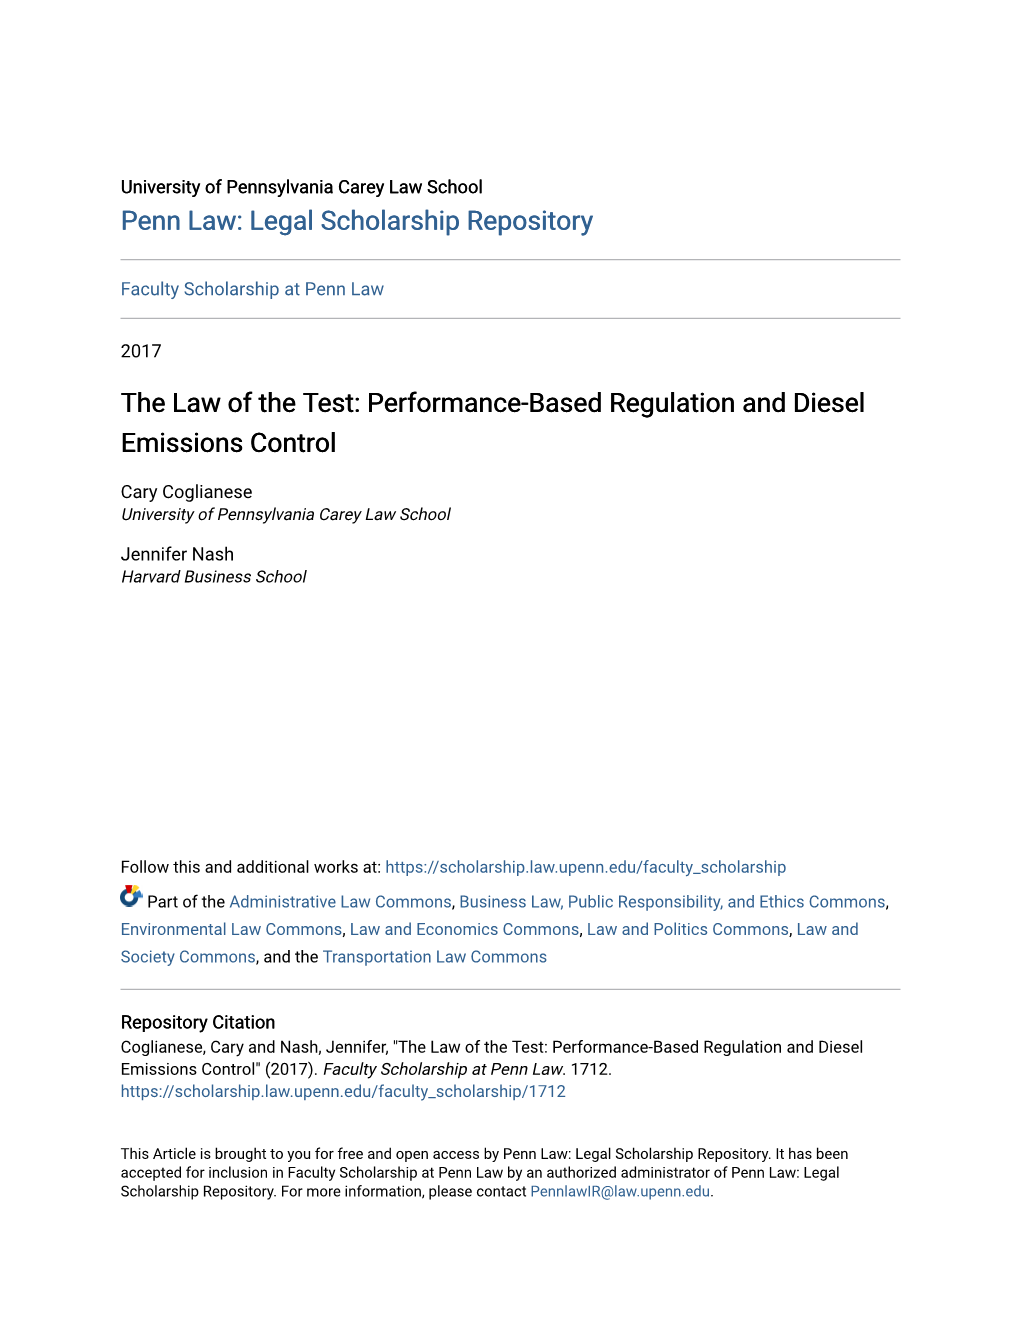 Performance-Based Regulation and Diesel Emissions Control
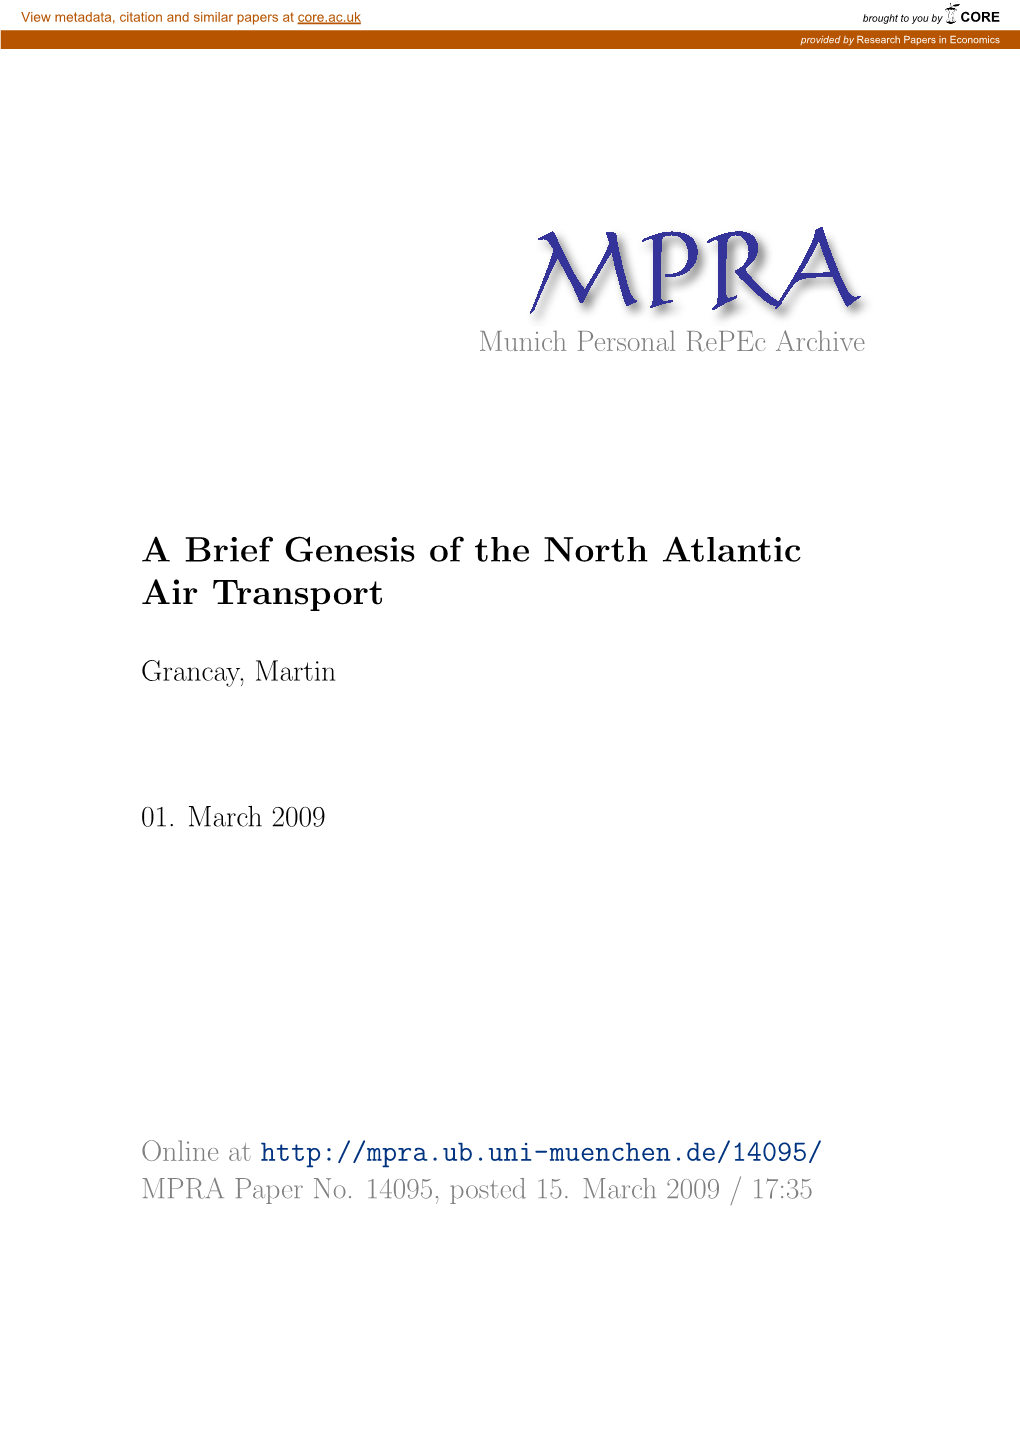 A Brief Genesis of the North Atlantic Air Transport
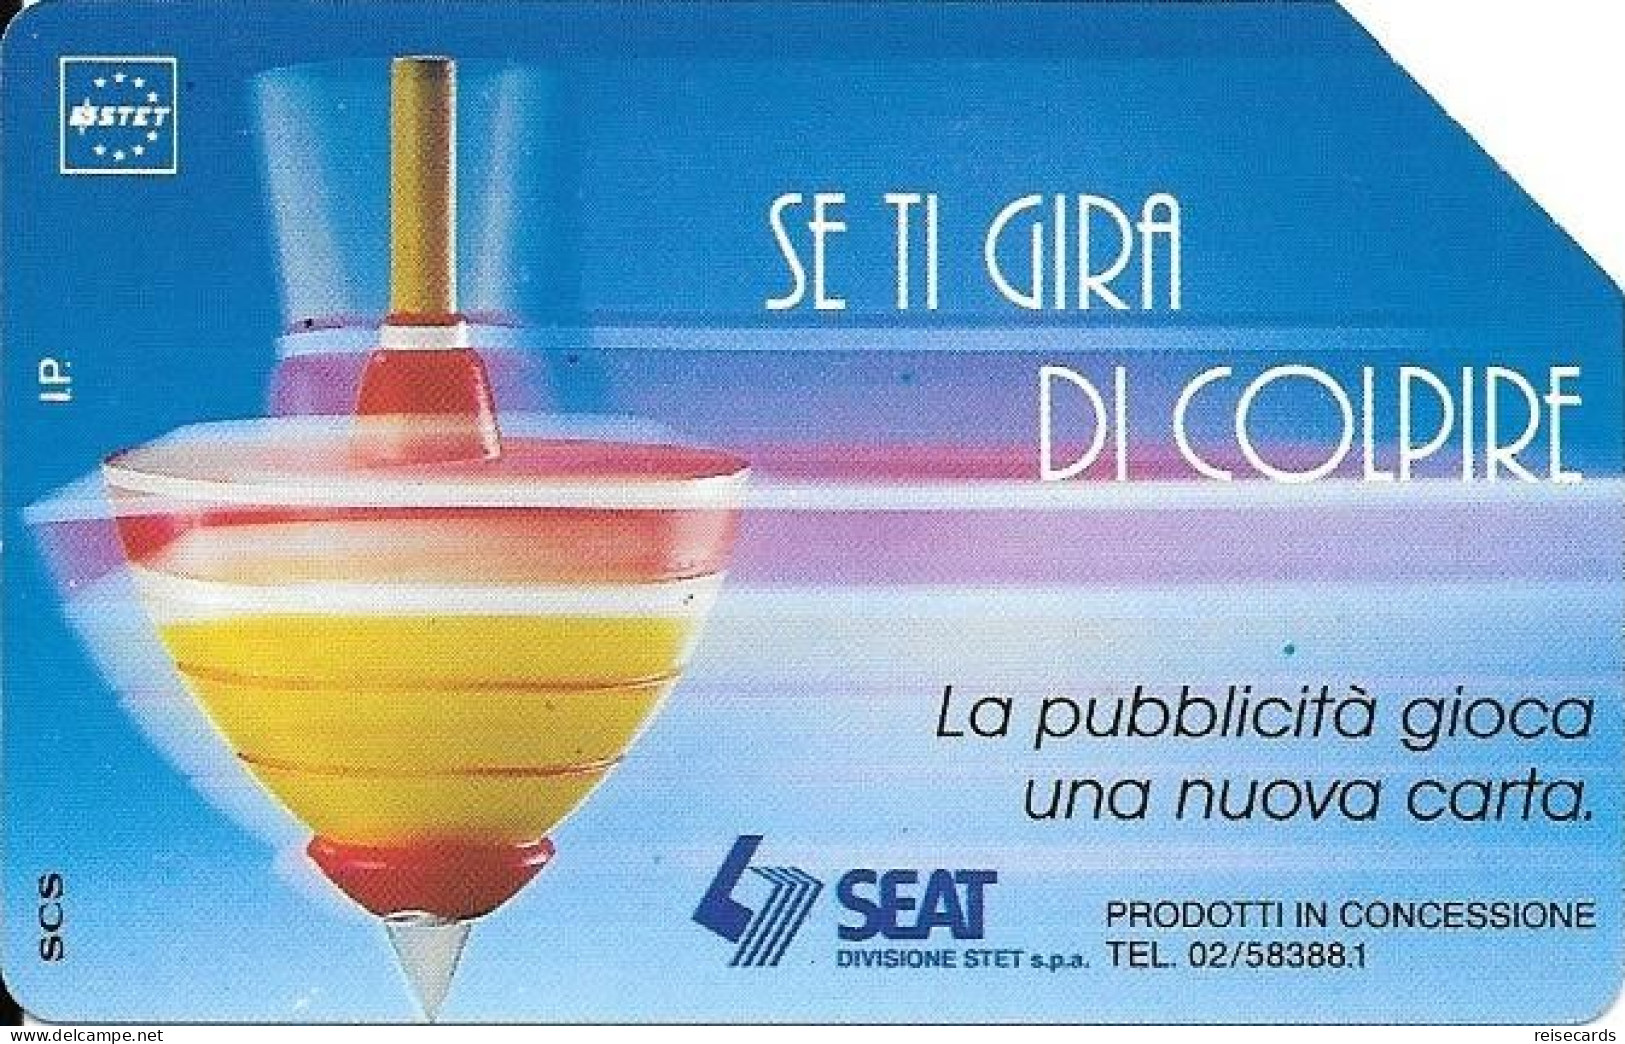 Italy: Telecom Italia SIP - SEAT Se Ti Gira Di Colpire - Publiques Publicitaires
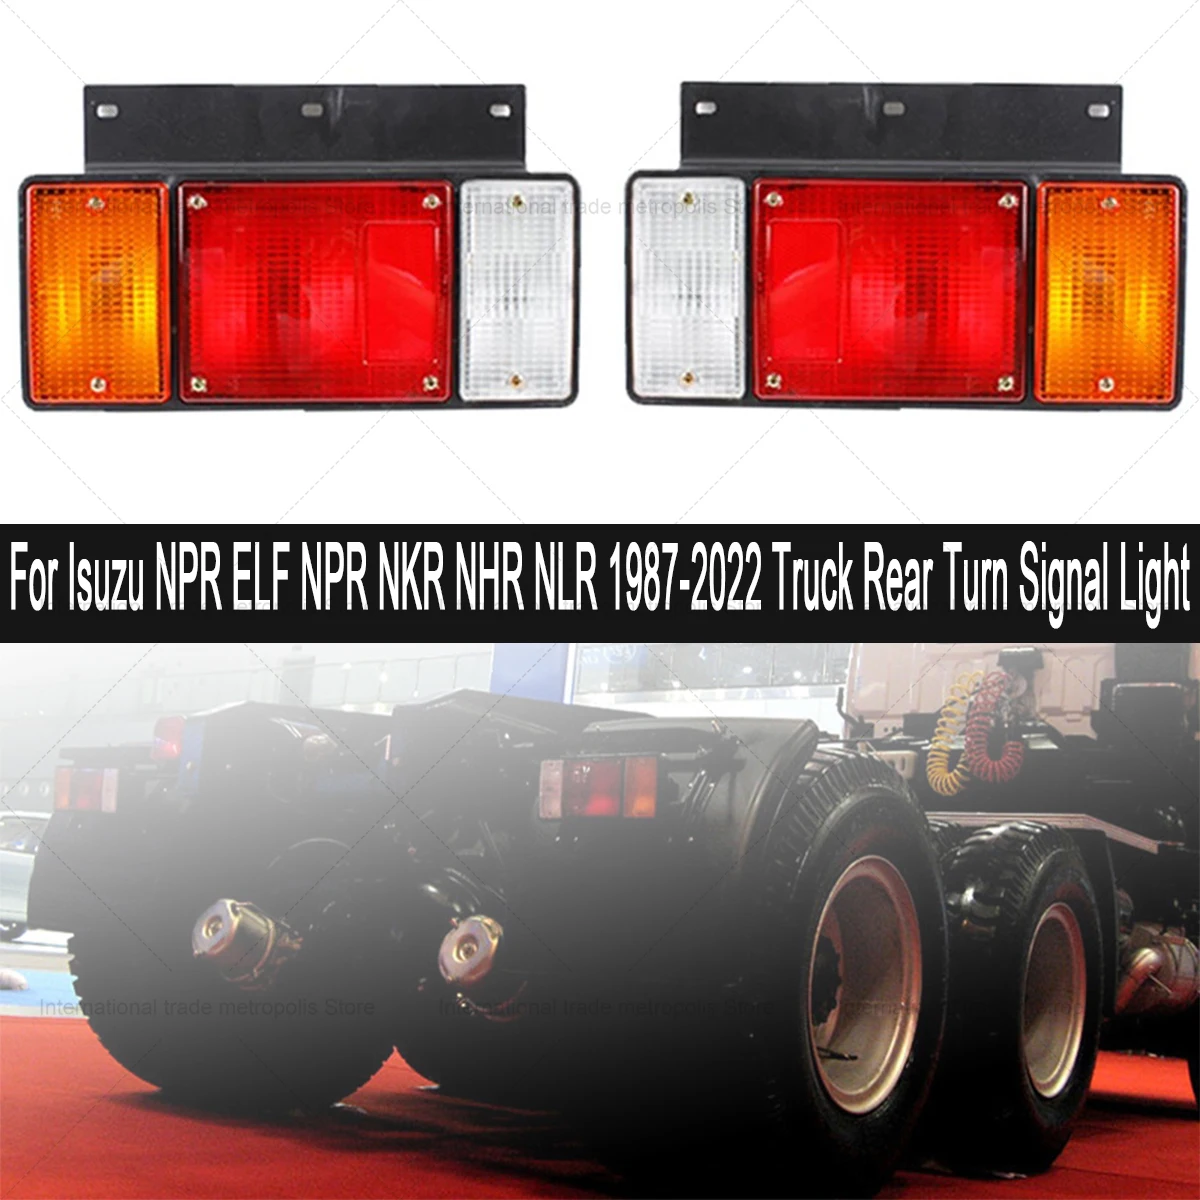 

Car Rear Tail Light For Isuzu NPR ELF NPR NKR NHR NLR 1987-2022 Truck Rear Turn Signal Light Stop Brake Lamp Car Accessories

• What the task asks:
Please reprint the whole listing exactly and omit its pictures.

• Written response:
 Performance-Based Regulation and Diesel Emissions Control
 A Brief Genesis of the North Atlantic Air Transport
 Italy: Telecom Italia SIP - SEAT Se Ti Gira Di Colpire - Publiques Publicitaires

Car Rear Tail Light For Isuzu NPR ELF NPR NKR NHR NLR 1987-2022 Truck Rear Turn Signal Light Stop Brake Lamp Car Accessories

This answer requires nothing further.